To generate a temporal profile for this process, we need to calculate the average and standard deviation of the times between each pair of activities.

Here is a Python script that should help you achieve this:
```python
import re
from collections import defaultdict
from statistics import mean, stdev

# Process variants
variants = [
    "Create Fine -> Send Fine -> Insert Fine Notification -> Add penalty -> Send for Credit Collection ( frequency = 56482  performance = 59591524.946 )",
    "Create Fine -> Payment ( frequency = 46371  performance = 889688.400 )",
    #... (rest of the process variants)
]

# Extract activities and their timestamps from each variant
activities = defaultdict(list)
for variant in variants:
    matches = re.findall(r"(\w+ \w+) -> (\w+ \w+) \( frequency = (\d+)  performance = (\d+\.\d+) \)", variant)
    for (activity1, activity2, frequency, performance) in matches:
        activities[(activity1, activity2)].append(float(performance))

# Calculate average and standard deviation of times between activities
temporal_profile = {}
for (activity1, activity2), timestamps in activities.items():
    avg = mean(timestamps)
    std_dev = stdev(timestamps)
    temporal_profile[(activity1, activity2)] = (avg, std_dev)

print(temporal_profile)
```
This script uses regular expressions to extract the activities and their timestamps from each process variant.
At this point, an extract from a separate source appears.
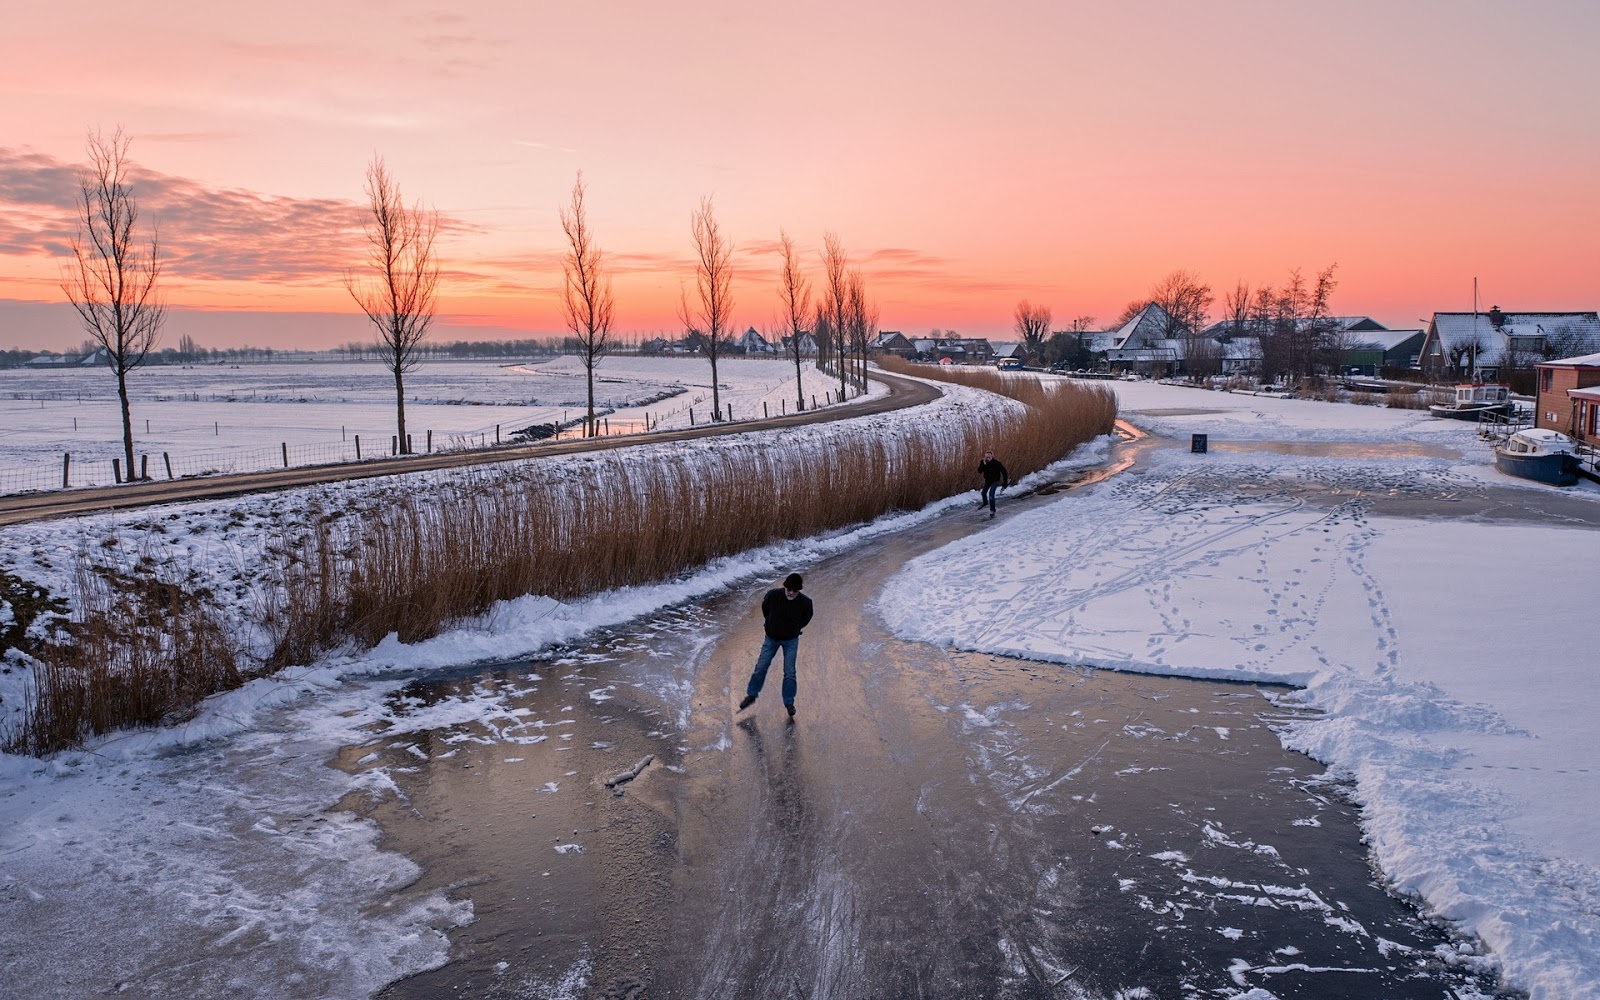 Schlittschuhlaufen Auf Natureis - Ice Skating On The Dutch Canals 2018 - HD Wallpaper

It then calculates the average and standard deviation of the timestamps for each pair of activities using the `mean` and `stdev` functions from the `statistics` module. Finally, it stores the results in a dictionary called `temporal_profile`.

Note that this script assumes that the timestamps are in seconds. If they are in a different unit, you may need to adjust the script accordingly.

Also, keep in mind that this script only considers the direct successors of each activity. If you want to consider all possible successors (not just direct ones), you may need to modify the script to use a more sophisticated approach, such as a graph-based algorithm.